All 61 patients were evaluable for response to therapy. Major responses were observed in 23 patients (38%; 95% CI, 25.8–50.2), with four patients achieving a CR (7%) and 19 showing a PR (31%). One CR was pathologically confirmed, since the patient underwent curative surgery after nine cycles of chemotherapy and was alive without evidence of disease as of 31 December 2003. Stable disease was obtained in 22 additional patients (36%). Progressive disease was observed in 16 patients (26%).
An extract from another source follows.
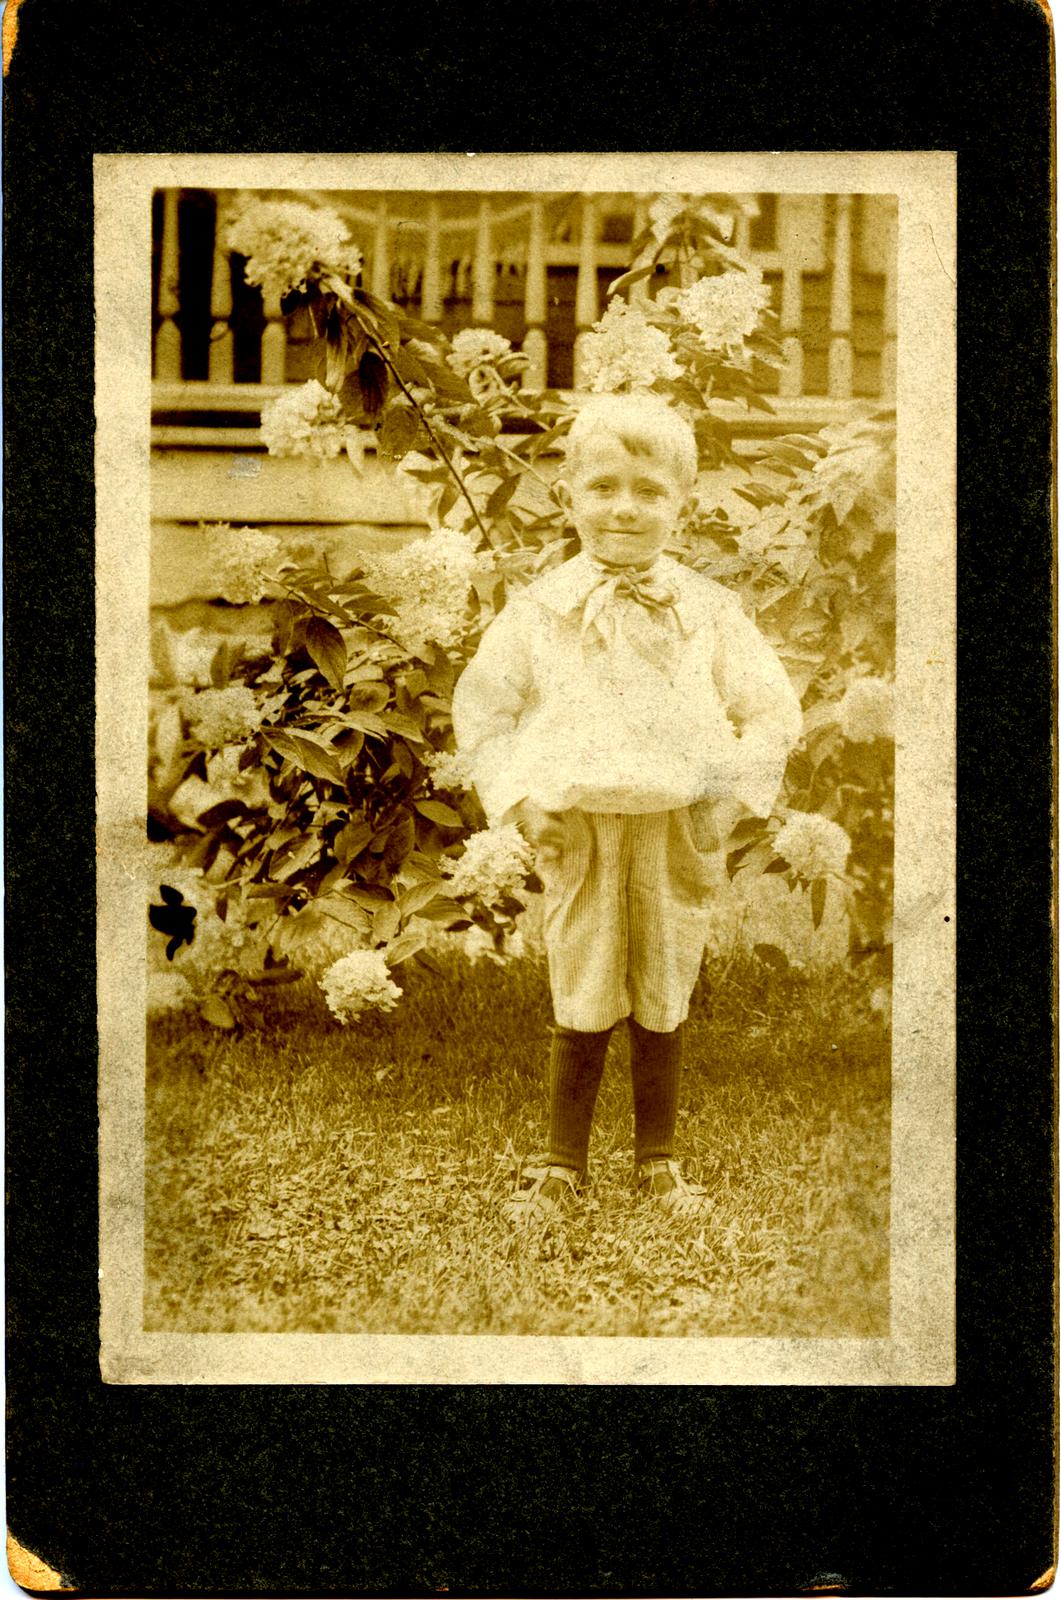 edward-m-betz-1907_en_large

Therefore, the overall tumour growth control (CR+PR+SD) was 74% (45 out of 61 patients).

Survival

All patients were included in the survival analysis on an intent-to-treat basis. The median follow-up was 11.6 months (range, 6.9–20.3 months). The median TTP was 7.1 months (95% CI, 5.6–8.7) (Figure 1). At the time of analysis (31 December 2003), 44 patients had died and 17 were alive. The median OS was 11.2 months (95% CI, 9.66–14.39). At the time of analysis, two patients who achieved a CR were disease free at 19.9 and 7.6 months of follow-up, respectively. Following documentation of disease progression, 36 out of 61 patients received a second-line docetaxel- or irinotecan-based chemotherapy. As shown in Figure 2, patients receiving a second-line treatment had a statistically significant (P=0.0026; long-rank test) longer median OS (12.7 months; 95% CI, 10.7–15.6) than patients (25 patients) receiving only best supportive care (median OS, 9.4 months; 95% CI, 5.6–12.7).

Figure 1
figure 1

Estimated 21-month cumulative probability of survival and time to treatment progression in 61 AGC patients. Shown are TTP (□□□□□□) and OS (▪▪▪▪▪) in the 61 AGC patients treated with the FOLFOX-4 regimen.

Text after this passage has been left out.